A 2021 survey found that workers were wasting an average of five days a year in ‘pointless’ meetings, a statistic shored up by office sentiment across the country. What can you do, then, to plan a successful meeting?
Create an Agenda
In order for any meeting to even have a chance of success, there needs to be a formal agenda for said meeting. How many meetings have you personally been a part of that could have just as easily been an email? Setting an agenda for your meeting guarantees it both form and substance; with pre-set topics and a clear set of goals for your meeting, you can ensure that something valuable will come of it.
Strictly speaking, an agenda is simply a formalised structure for a given meeting, from acknowledgments at the start to pre-defined topics and conversation and opportunities for interjection or remarks. In principle, though, it is more than this. An agenda is an opportunity for you to recognise and utilise the talents of everyone in the room, as well as to convey necessary information.
Manage Logistics
Meetings come in many different shapes and sizes, from smaller-scale departmental catch-ups to larger events with international visitors. Whatever form your meeting takes, taking personal control over (and accountability for) any logistics relating to the meeting should be a given.

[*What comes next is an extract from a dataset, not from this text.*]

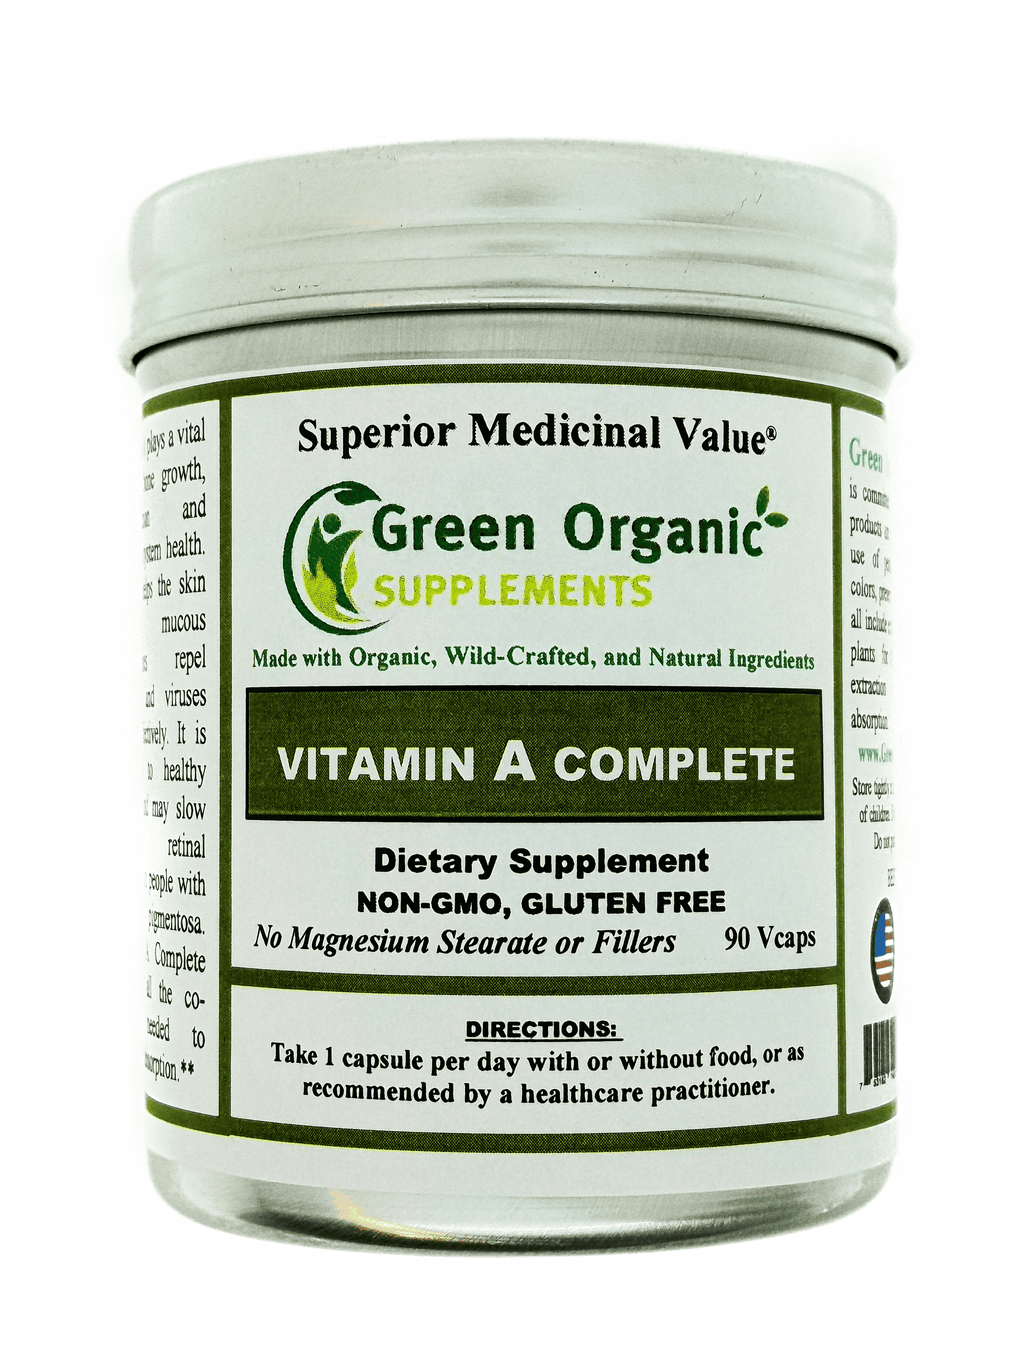 Buy organic supplements for women - Vitamin A complete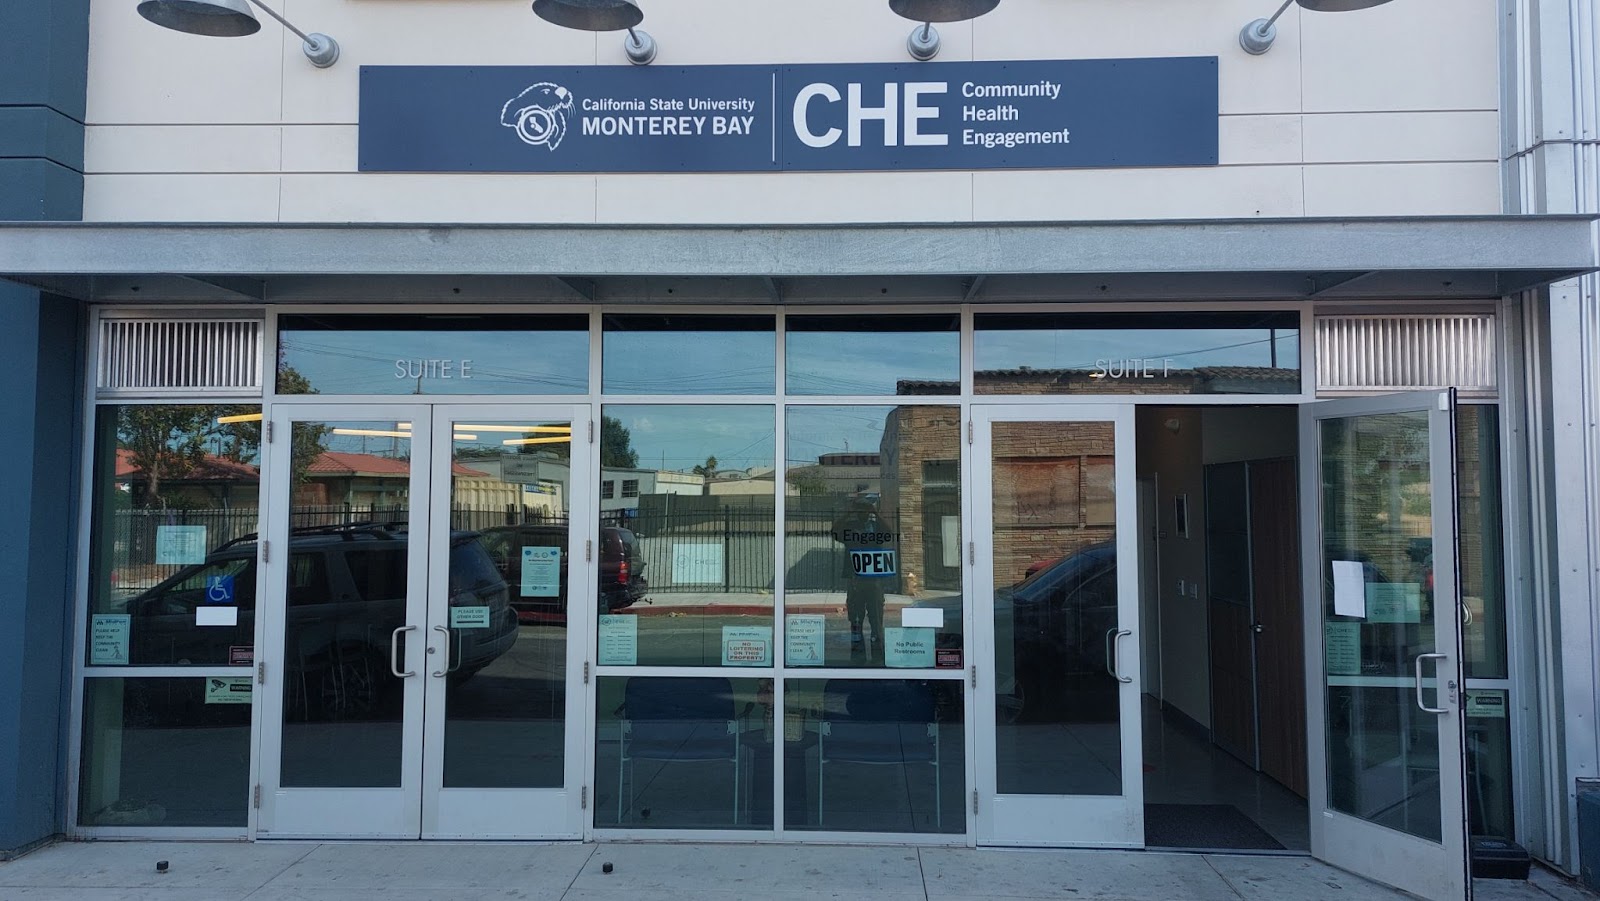 The main doors and storefront of CHE including CSUMB logos

As the host or chair of the meeting, you should be directly responsible for ensuring the time of your meeting’s participants is properly blocked out in your work system. Where international presence is a necessity, you should be arranging travel and board; a private jet hire may be justifiable where important time-sensitive matters are concerned, to get your visitors in at short notice and in relative comfort to boot.
Control and Courtesy
Another key way in which business meetings can derail themselves is through the conduct of those present. This isn’t to say that meetings need a teacher-like presence to ‘control the classroom’, so to speak, but rather that even meetings with agendas can run over time or off-topic without a hand on the tiller.
To this end, your role as the organiser of this meeting should be to keep everyone up-to-date and on task, thus minimising opportunities for the meeting to steer off-course. This demonstrates respect for everyone’s time, and ensures the right subjects receive prominent attention. Altogether, these little tips can make a major success of your next meeting arrangement.